Extract exactly those lines that lie between the start of the material and the line with "Apple iPhone 13", including both boundary lines and no others.
________________________
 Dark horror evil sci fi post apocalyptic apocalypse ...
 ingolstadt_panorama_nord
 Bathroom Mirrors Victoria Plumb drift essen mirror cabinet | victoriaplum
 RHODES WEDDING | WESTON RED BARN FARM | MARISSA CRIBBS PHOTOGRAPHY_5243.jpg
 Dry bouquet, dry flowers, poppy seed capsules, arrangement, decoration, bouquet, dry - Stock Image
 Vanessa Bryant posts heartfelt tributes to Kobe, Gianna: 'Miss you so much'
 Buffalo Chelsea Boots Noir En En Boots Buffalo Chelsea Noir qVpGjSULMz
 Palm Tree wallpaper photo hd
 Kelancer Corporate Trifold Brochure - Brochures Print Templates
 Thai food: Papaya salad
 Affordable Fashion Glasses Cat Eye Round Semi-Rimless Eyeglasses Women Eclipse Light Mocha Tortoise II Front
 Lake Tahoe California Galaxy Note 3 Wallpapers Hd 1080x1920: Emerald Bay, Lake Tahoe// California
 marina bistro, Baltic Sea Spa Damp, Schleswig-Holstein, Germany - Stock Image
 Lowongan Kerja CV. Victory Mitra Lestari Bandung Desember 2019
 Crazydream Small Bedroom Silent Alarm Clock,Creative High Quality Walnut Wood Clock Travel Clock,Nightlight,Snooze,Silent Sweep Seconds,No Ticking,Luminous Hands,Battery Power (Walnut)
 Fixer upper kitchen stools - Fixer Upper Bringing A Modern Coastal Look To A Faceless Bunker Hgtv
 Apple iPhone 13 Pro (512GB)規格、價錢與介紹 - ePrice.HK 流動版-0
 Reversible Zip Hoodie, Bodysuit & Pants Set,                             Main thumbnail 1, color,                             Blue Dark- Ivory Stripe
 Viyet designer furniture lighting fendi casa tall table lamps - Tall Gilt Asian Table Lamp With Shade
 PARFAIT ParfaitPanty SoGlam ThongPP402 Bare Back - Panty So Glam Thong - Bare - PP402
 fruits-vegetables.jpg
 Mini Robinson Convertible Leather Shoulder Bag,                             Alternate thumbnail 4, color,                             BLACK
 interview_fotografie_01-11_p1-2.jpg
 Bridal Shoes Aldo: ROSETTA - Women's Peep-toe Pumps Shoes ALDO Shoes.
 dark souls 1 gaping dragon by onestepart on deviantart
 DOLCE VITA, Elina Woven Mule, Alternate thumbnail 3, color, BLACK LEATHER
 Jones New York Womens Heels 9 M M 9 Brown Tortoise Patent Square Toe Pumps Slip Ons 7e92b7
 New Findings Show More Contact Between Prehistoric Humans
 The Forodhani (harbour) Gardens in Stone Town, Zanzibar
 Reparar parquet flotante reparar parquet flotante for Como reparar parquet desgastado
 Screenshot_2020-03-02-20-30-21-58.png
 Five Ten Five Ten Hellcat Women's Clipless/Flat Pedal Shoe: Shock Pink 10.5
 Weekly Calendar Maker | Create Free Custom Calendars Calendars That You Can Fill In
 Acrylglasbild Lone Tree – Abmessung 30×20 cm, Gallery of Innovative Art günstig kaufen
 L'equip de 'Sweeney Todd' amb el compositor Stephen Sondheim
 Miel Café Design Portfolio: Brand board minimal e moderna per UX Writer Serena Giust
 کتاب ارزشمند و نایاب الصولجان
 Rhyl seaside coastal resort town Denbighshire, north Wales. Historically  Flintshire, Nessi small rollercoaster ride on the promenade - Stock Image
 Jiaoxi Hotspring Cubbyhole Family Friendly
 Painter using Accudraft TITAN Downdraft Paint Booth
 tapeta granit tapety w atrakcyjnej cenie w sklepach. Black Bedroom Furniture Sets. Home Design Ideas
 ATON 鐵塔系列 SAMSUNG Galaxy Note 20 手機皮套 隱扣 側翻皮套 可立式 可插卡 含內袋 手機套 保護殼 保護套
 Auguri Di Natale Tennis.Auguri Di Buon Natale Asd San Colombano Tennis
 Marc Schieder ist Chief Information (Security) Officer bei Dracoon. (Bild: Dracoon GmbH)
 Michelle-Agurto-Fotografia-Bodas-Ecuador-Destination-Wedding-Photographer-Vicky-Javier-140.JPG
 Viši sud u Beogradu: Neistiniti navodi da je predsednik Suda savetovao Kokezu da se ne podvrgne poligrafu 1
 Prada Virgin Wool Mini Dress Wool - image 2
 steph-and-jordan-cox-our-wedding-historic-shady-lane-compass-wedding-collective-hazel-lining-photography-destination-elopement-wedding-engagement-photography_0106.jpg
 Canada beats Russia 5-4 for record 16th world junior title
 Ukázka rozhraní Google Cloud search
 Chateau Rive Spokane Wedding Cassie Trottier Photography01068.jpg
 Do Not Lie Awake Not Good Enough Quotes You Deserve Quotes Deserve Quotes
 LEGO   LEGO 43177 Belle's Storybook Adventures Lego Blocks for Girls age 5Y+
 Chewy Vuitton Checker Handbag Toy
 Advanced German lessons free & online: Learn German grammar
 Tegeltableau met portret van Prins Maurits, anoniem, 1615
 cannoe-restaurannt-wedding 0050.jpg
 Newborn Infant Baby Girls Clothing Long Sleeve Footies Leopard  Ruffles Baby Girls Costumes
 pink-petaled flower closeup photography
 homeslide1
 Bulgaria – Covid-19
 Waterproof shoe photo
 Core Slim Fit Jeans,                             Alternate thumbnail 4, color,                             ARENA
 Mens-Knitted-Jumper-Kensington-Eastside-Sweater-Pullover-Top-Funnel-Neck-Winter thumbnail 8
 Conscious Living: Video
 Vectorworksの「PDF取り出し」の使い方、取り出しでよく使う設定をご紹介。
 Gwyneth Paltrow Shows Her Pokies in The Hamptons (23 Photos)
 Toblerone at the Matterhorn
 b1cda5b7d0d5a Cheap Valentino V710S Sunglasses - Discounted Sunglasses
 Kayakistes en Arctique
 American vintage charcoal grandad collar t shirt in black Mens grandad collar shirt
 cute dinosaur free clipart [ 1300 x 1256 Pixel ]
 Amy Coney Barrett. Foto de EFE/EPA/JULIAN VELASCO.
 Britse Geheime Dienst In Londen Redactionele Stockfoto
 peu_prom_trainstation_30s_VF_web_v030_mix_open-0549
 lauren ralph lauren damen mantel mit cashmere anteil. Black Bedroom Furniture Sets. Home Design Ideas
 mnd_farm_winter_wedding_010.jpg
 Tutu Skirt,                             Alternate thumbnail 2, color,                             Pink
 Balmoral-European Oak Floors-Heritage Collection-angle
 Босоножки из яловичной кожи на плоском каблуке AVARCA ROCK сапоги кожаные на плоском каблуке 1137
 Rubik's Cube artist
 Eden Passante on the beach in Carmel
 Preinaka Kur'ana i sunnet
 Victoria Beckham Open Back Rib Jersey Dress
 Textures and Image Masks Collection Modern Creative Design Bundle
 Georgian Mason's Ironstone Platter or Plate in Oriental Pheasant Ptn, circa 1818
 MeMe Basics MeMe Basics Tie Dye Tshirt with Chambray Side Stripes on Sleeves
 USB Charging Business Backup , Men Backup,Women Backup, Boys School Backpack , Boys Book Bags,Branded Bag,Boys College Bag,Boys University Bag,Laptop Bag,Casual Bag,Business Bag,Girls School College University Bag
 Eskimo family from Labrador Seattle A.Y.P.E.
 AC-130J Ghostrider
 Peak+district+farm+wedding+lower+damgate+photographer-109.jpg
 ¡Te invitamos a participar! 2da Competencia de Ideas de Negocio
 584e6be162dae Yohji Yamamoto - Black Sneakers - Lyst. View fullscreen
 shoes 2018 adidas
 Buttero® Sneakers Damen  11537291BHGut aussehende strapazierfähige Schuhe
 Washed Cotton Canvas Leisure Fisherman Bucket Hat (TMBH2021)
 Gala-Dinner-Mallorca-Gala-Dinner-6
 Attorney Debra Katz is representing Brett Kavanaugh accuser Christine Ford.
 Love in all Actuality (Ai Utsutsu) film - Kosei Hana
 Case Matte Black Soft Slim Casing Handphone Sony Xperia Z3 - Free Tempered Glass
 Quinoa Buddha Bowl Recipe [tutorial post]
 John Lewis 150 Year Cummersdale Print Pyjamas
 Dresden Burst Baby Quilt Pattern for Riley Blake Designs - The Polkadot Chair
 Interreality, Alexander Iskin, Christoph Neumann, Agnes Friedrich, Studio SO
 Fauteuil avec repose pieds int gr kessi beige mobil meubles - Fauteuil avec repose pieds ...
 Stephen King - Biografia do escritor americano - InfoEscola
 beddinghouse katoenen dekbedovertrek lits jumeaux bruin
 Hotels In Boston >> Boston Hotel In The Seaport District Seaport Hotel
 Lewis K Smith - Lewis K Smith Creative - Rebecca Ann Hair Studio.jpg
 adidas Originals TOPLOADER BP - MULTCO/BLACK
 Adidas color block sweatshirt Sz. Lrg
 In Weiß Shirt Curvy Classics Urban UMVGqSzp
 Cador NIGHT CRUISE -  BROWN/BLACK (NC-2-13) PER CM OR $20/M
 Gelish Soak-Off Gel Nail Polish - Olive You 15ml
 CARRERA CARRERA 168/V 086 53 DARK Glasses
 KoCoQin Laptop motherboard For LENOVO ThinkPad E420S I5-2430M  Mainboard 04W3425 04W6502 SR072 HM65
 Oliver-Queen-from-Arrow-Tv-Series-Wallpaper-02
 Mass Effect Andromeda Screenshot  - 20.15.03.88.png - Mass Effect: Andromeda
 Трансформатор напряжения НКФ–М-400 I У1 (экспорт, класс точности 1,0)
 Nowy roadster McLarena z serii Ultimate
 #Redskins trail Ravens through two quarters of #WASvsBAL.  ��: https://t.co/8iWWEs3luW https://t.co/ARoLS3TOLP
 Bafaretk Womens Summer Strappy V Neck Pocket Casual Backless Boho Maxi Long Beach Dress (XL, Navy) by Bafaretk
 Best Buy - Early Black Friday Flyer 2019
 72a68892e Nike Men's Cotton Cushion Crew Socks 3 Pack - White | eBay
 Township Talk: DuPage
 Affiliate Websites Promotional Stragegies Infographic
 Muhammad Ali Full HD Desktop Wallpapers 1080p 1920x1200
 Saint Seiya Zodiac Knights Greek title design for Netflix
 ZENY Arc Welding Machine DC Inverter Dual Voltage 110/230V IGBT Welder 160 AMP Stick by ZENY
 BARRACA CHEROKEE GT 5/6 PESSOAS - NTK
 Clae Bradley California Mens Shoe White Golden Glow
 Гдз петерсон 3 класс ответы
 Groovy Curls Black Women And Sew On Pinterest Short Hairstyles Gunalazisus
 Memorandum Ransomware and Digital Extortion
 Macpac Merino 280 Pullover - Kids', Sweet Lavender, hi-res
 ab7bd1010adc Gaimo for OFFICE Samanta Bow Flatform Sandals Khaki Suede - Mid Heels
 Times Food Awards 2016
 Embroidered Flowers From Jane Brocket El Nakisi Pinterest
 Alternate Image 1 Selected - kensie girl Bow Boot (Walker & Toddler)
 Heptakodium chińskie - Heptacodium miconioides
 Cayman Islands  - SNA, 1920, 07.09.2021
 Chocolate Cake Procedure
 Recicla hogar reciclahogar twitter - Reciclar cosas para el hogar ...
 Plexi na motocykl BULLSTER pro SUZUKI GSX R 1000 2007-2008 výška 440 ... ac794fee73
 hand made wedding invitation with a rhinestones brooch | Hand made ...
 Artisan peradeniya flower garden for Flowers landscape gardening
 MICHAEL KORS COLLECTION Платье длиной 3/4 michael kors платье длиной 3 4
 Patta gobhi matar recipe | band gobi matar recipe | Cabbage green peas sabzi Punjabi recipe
________________________
* _RESULT OF THIS EXERCISE_
 Dark horror evil sci fi post apocalyptic apocalypse ...
 ingolstadt_panorama_nord
 Bathroom Mirrors Victoria Plumb drift essen mirror cabinet | victoriaplum
 RHODES WEDDING | WESTON RED BARN FARM | MARISSA CRIBBS PHOTOGRAPHY_5243.jpg
 Dry bouquet, dry flowers, poppy seed capsules, arrangement, decoration, bouquet, dry - Stock Image
 Vanessa Bryant posts heartfelt tributes to Kobe, Gianna: 'Miss you so much'
 Buffalo Chelsea Boots Noir En En Boots Buffalo Chelsea Noir qVpGjSULMz
 Palm Tree wallpaper photo hd
 Kelancer Corporate Trifold Brochure - Brochures Print Templates
 Thai food: Papaya salad
 Affordable Fashion Glasses Cat Eye Round Semi-Rimless Eyeglasses Women Eclipse Light Mocha Tortoise II Front
 Lake Tahoe California Galaxy Note 3 Wallpapers Hd 1080x1920: Emerald Bay, Lake Tahoe// California
 marina bistro, Baltic Sea Spa Damp, Schleswig-Holstein, Germany - Stock Image
 Lowongan Kerja CV. Victory Mitra Lestari Bandung Desember 2019
 Crazydream Small Bedroom Silent Alarm Clock,Creative High Quality Walnut Wood Clock Travel Clock,Nightlight,Snooze,Silent Sweep Seconds,No Ticking,Luminous Hands,Battery Power (Walnut)
 Fixer upper kitchen stools - Fixer Upper Bringing A Modern Coastal Look To A Faceless Bunker Hgtv
 Apple iPhone 13 Pro (512GB)規格、價錢與介紹 - ePrice.HK 流動版-0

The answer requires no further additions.